The future, on the other hand, could be a little bit dimmer. During its first quarter earnings call, the Los Gatos, Calif. based company announced it gained 3.3 million subscribers. This brings its total up to 23.6 million subscribers, which surpasses cable company Comcast's total of 22.8 million. Furthermore, it earned profits of $60 million, or $1.11 per share, on revenue of $719 million, which doubled the totals from last year at the same time.
It has expanded its global reach, adding 800,000 subscribers in Canada. Even better, after initially getting a cool reception from Hollywood studios, Netflix has started to get major players to sign content sharing deals. In the first quarter alone, it signed agreements with Fox, Lionsgate and CBS, allowing it access to shows like Sons of Anarchy, Weeds, Glee and Mad Men. It even got exclusive rights to premiere the show, House of Cards, based on a popular BBC show starring Kevin Spacey.

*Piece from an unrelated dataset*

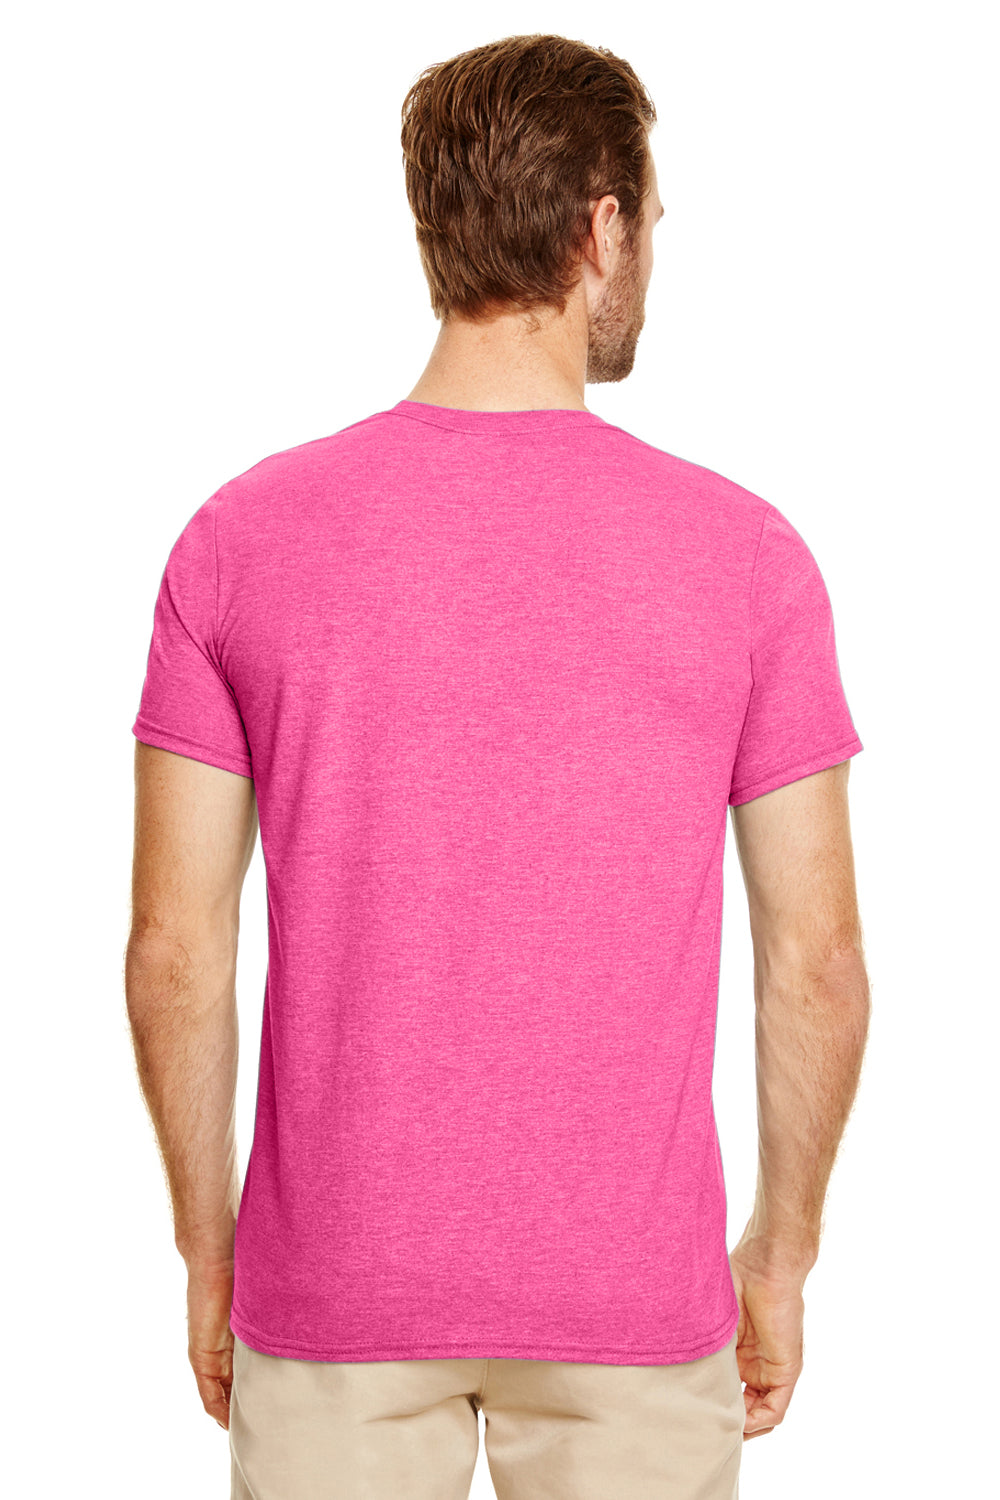 Gildan G640 Mens Softstyle Short Sleeve Crewneck T-Shirt Heather Heliconia Pink Back

So what's the problem? First, not everyone is enthralled with Netflix. After the earnings call, the company's stock took a huge nosedive, going from $251.67 at the beginning of the day to $228.91 at the end, or nearly 9 percent.
The problem may be summed up in a word: competition. Netflix didn't say that was the problem, but the company did say during its earnings call that the number of new subscribers won't continue to nearly double each quarter. That trend will cut into profits -- Netflix's outlook for the second quarter is between 93 cents and $1.15 per share, which spooked analysts who were forecasting $1.19 per share.
Michael Pachter, of Wedbush Securities, says Netflix should be wary of competitors desperate to gain share. We think that new services from Hulu, Amazon, Google TV and Apple, as well as the potential launch of a Dish Network/Blockbuster streaming service, each have the potential to create a bidding war for a relatively small amount of available content, and have even greater potential to create pricing pressure on subscriptions, he said in a note to investors.
Netflix did address its competitors in a letter to stockholders. Chief executive Reed Hastings mentioned Hulu, Amazon and Dish Network/Blockbuster by name. A recent news report is suggests YouTube could also become a competitor in the industry.
Our biggest competitor over time may be another service with a similar model to Netflix, such as Hulu Plus, or it may be free on-demand Internet video as a part of a consumer's MVPD (multichannel video programming distributor) package, namely TV Everywhere. This free bundling of a subset of our functionality within a larger subscription service is a classic way for an incumbent to leverage its strength. While TV Everywhere is not a strong offering today, it is likely to become much better over the coming years, Hastings said.
Even without a possible bidding war, Netflix may have to raise the price of its streaming service, in order to pay for better content. HBO has said in order to afford the network's content, Netflix would have to raise the price of its streaming service from $8.99 to $20 per month. Regardless of what happens with HBO, analysts seem to think Netflix may have grown too fast for its own good.
Netflix reported outstanding results by any measure but the ability to beat rising expectations has become more of a challenge. As sentiment has shifted more positively on NFLX stock, expectations have also risen, Scott Devitt, analyst at Morgan Stanley, said in a note.